→ SUPPLIED MATERIAL

--- START ---

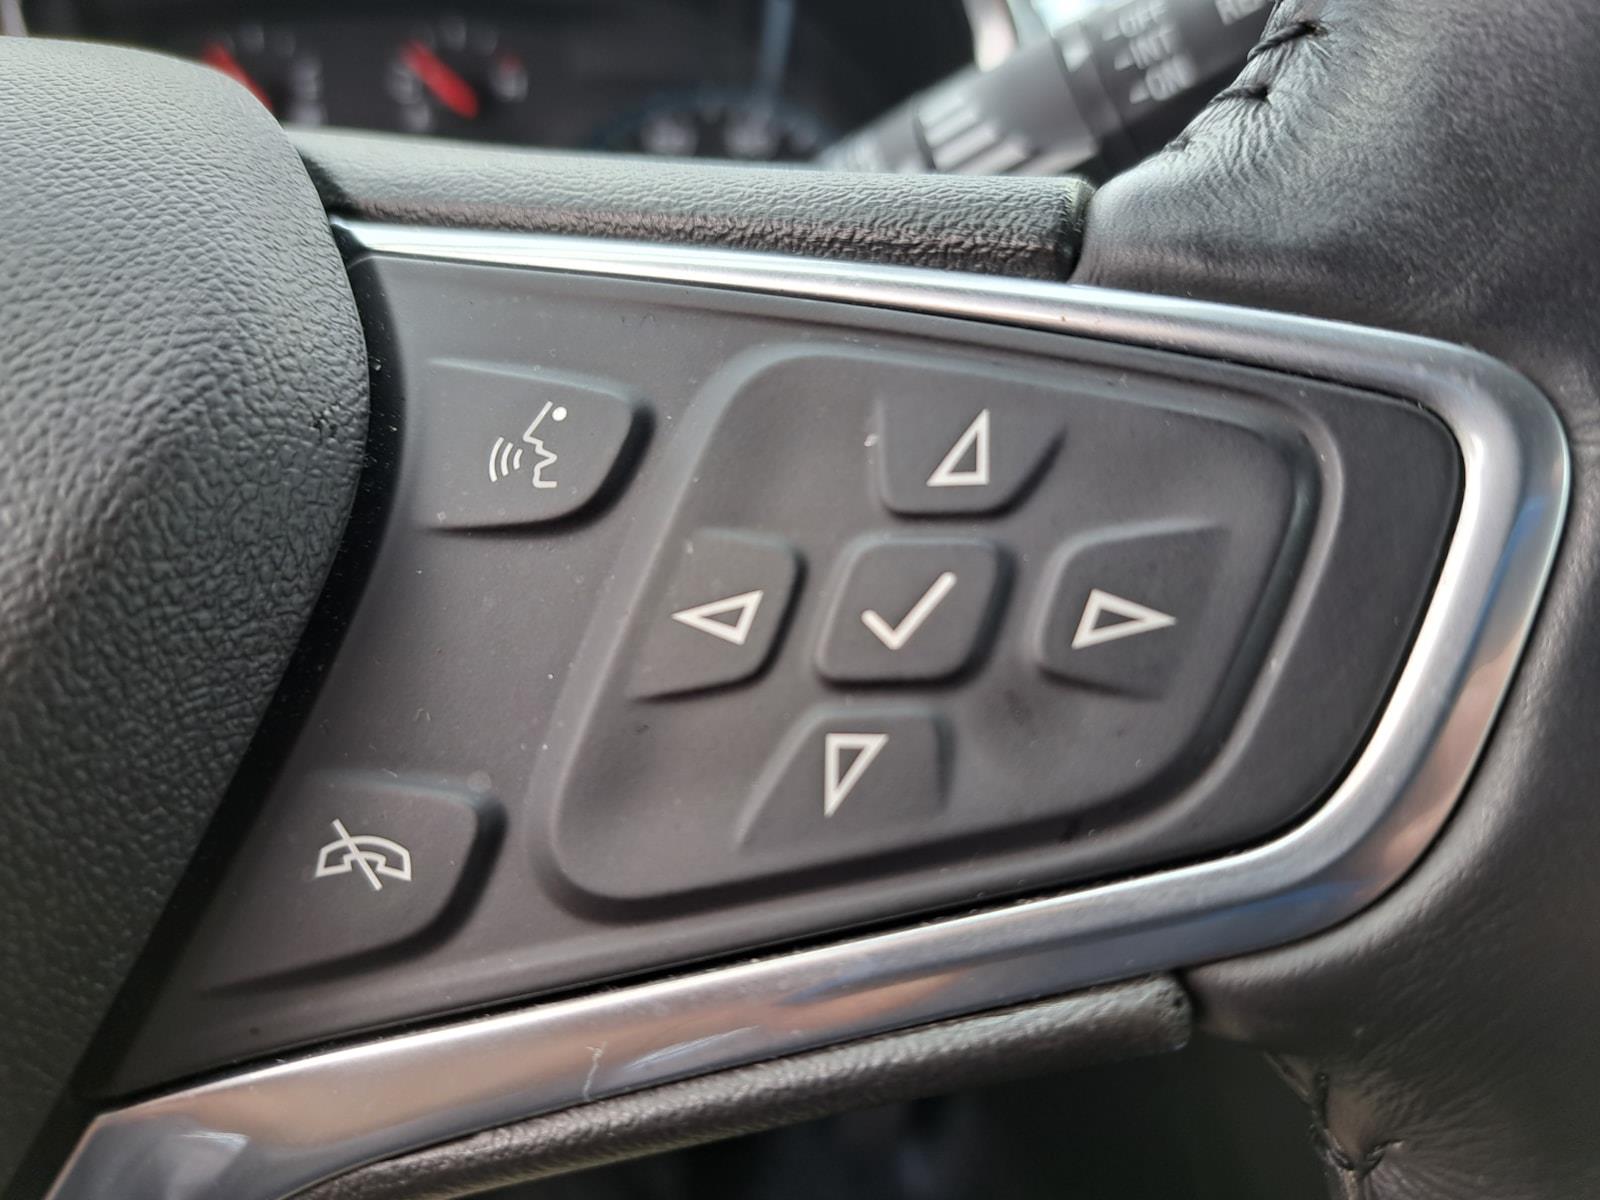 2018 Chevrolet Equinox LT SUV Front Wheel Drive 16
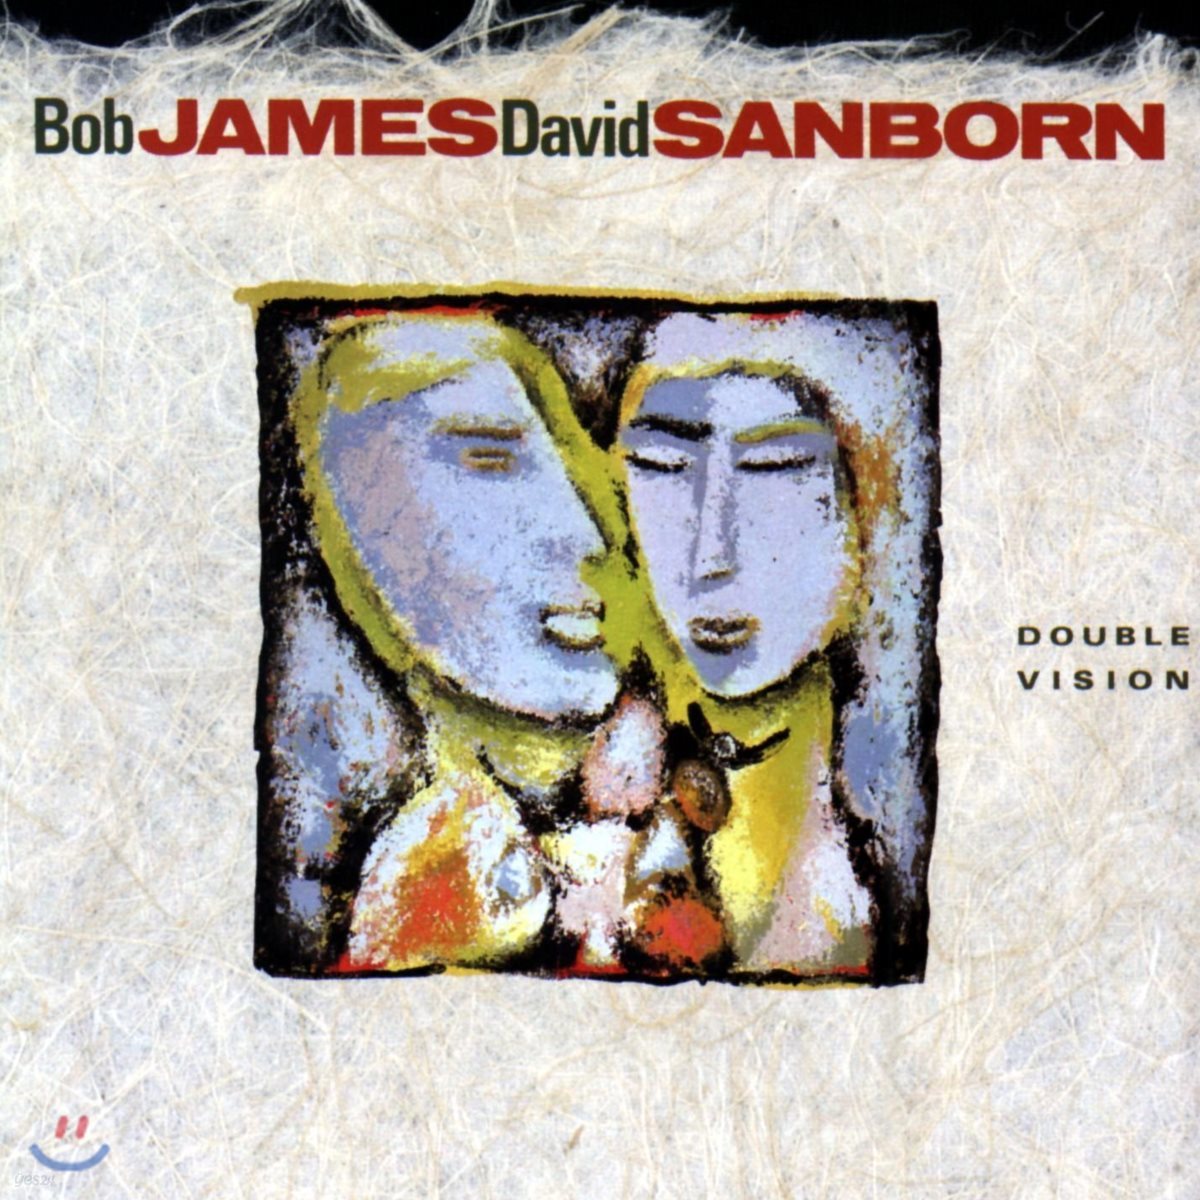 Bob James / David Sanborn - Double Vision 밥 제임스, 데이빗 샌본 
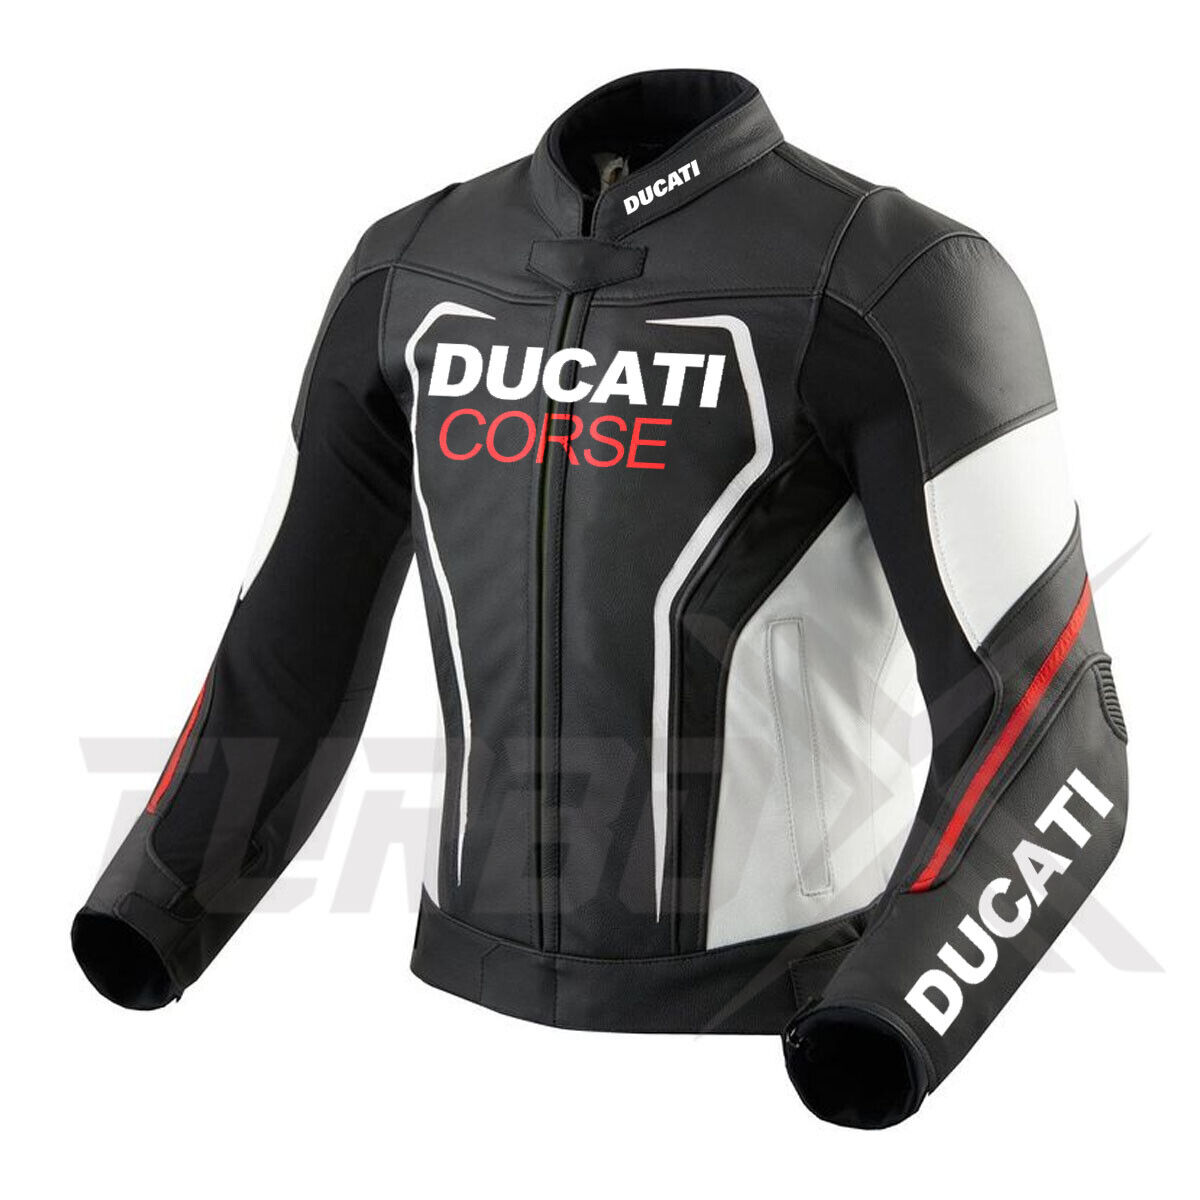 Ducati Leather Jacket

--- END ---

→ EXERCISE AIM
Retype the data word for word and keep the pictures out of it.

→ SOLUTION
 2018 Chevrolet Equinox LT SUV Front Wheel Drive 16
 Bob James / David Sanborn - Double Vision 밥 제임스, 데이빗 샌본 
 Ducati Leather Jacket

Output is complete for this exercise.